Pada saat diterpa ujian itu, Buya Hamka merasakan begitu frustasi dan beliau berkeinginan untuk bunuh diri dengan sebilah pisau kecil di sakunya. Alhamdulillah, atas izin Allah SWT beliau dapat menghindari frustasi dan tidak memperturutkan keinginan buruk yang sempat muncul dalam benak beliau. Dalam bayangan beliau, tentu jika Buya Hamka mati bunuh diri apalah arti menyerukan orang lain untuk sabar, tabah, teguh hati bila dirinya sendiri tak dapat melakukannya ketika ditimpa satu cobaan Tuhan.
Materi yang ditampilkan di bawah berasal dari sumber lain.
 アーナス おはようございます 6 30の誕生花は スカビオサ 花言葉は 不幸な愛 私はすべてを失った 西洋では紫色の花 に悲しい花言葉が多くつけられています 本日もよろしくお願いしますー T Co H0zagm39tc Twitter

Sehingga ketika selesai pemeriksaan yang kejam itu, beliau dipindahkan ke tempat lain, mintalah Buya Hamka kepada anaknya untuk membawakan buku “Tasawuf Modern”. Pernah temannya menjenguk ketika Buya Hamka sedang membaca “Tasawuf Modern”, kemudian temannya berkata, “eh, Pak Hamka sedang membaca karangan Pak Hamka”. Buya Hamka pun tidak menyangkal bahwa beliau pun memerlukan nasihat dari beliau sendiri dalam buku yang ditulisnya.
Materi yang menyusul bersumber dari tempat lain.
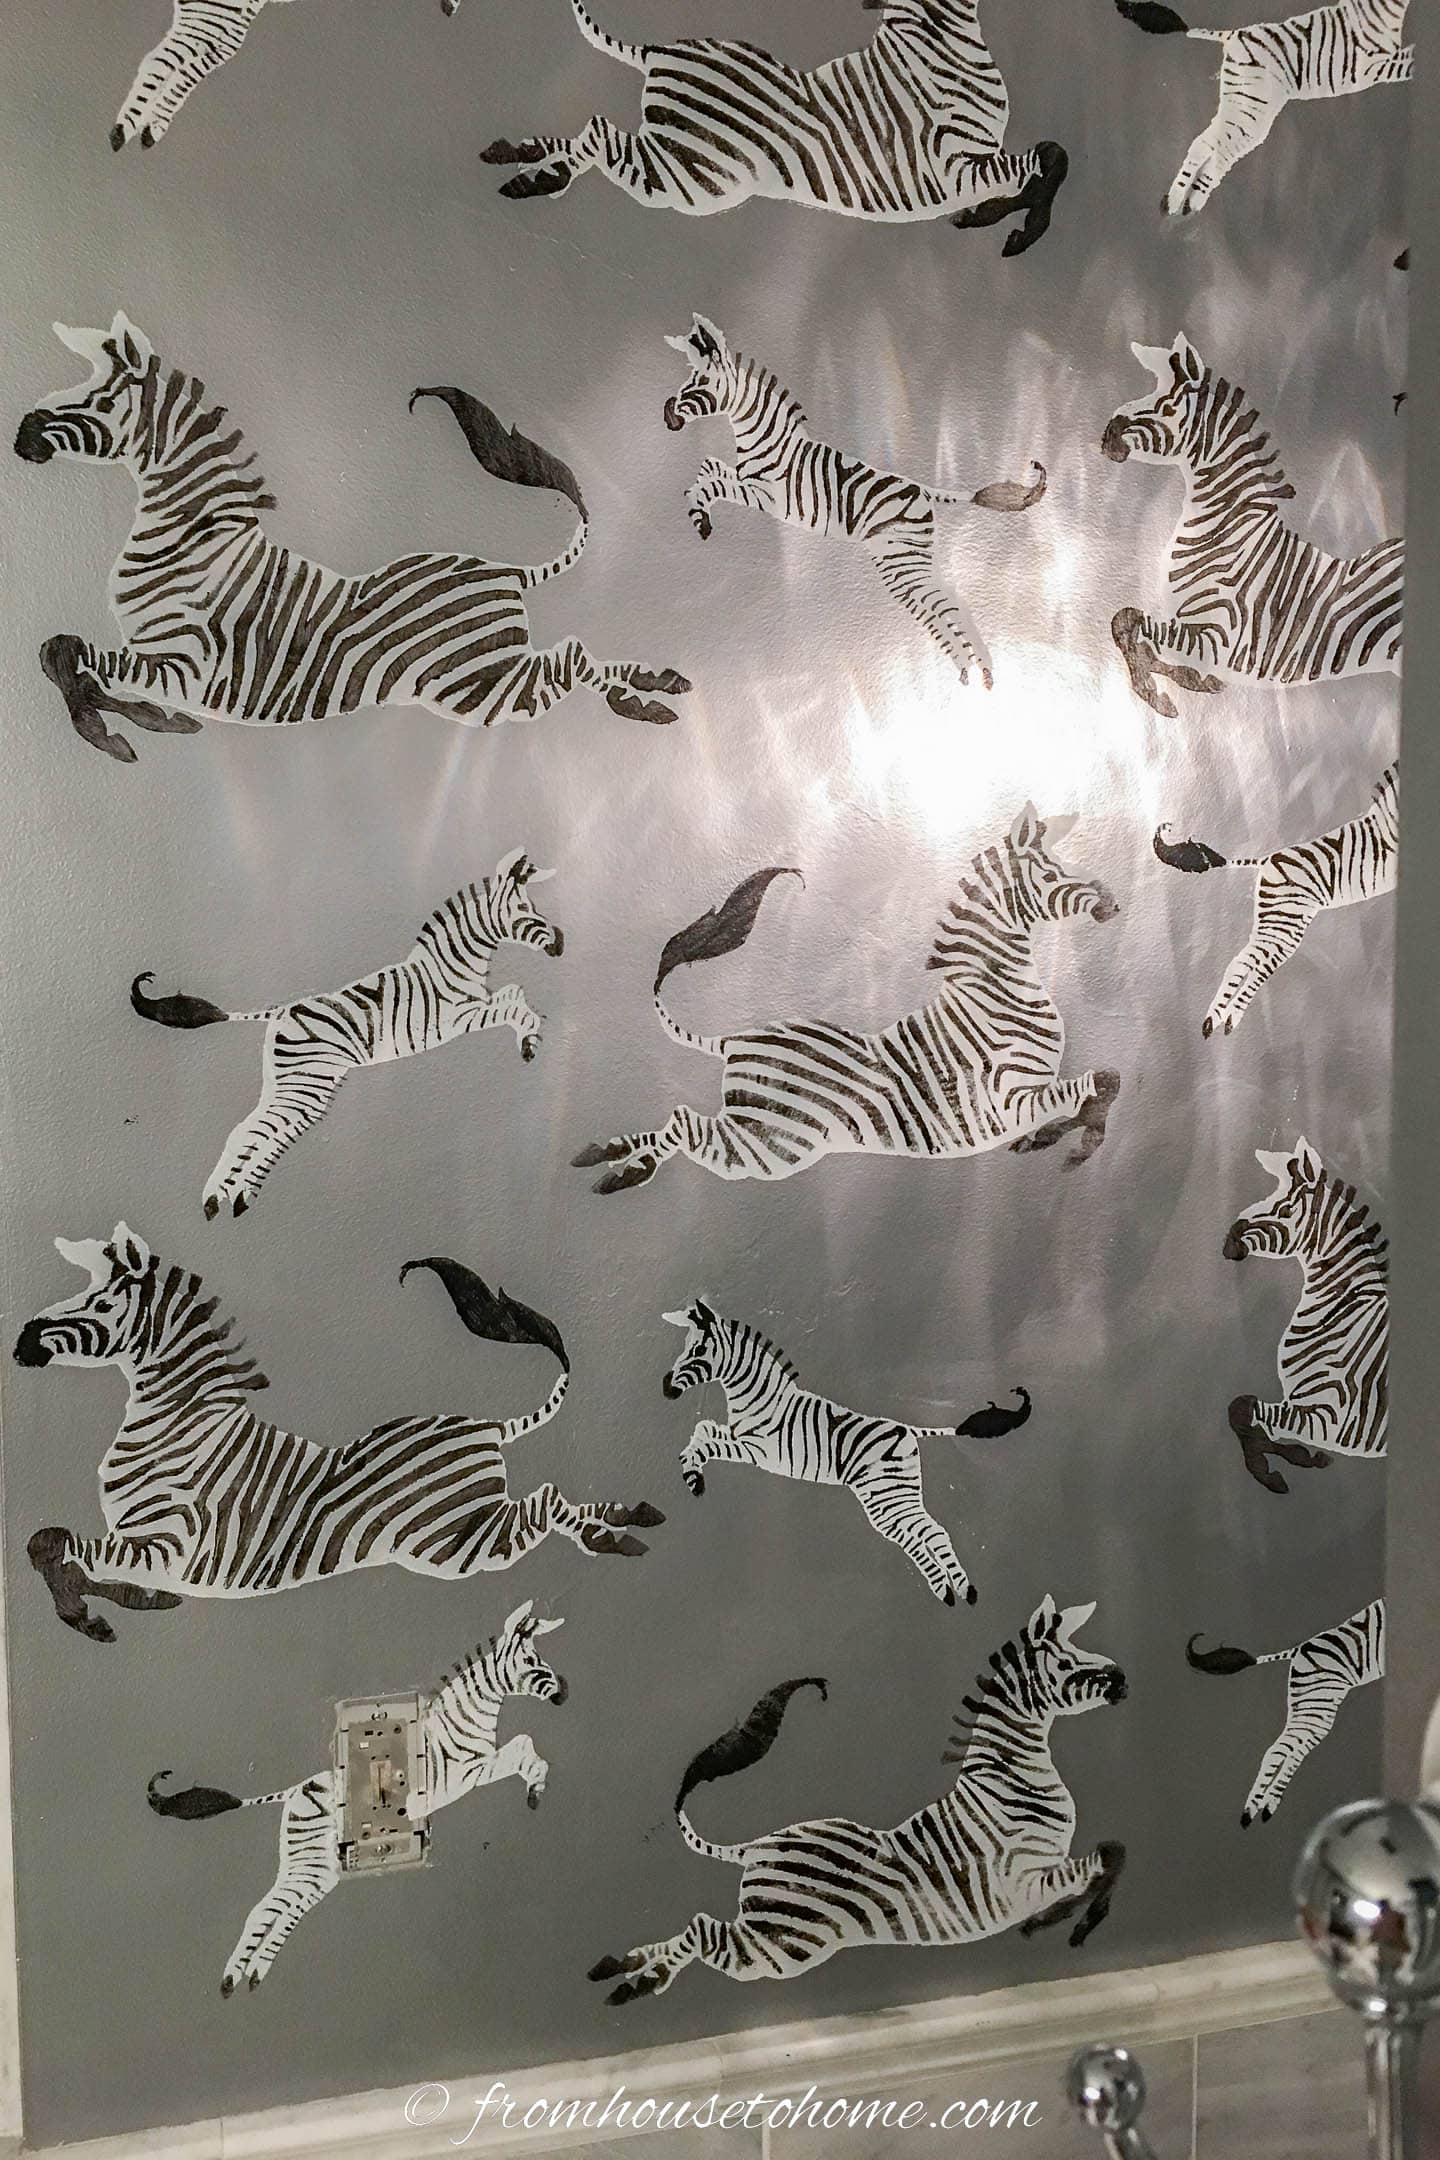 Cricut stencil of zebras

Baca juga: Apa itu Resensi?


Ada berbagai pokok kebahagiaan yang dijelaskan Buya Hamka dalam “Tasawuf Modern”. Meski bahasa dalam karya yang beliau tulis bernilai sastra, khalayak tetap dapat memahaminya dengan mudah. Buya Hamka menjelaskan berbagai pokok dengan lengkap dan komprehensif sehingga mencakup banyak aspek yang bisa menjadi landasan kebahagiaan pembaca dalam mengarungi kehidupan. Buku ini pun dapat dibaca oleh berbagai kalangan latar belakang yang telah melebihi usia 18 tahun. Pun, meski telah berusia 83 tahun sejak awal pertama dicetak, buku ini tetap relevan dalam menjelaskan pokok-pokok kebahagiaan yang perlu diketahui oleh pembaca. Karenanya, kami ucapkan selamat memahami pokok-pokok kebahagiaan yang telah disatukan dalam buku bertajuk “Tasawuf Modern” karya Buya Hamka.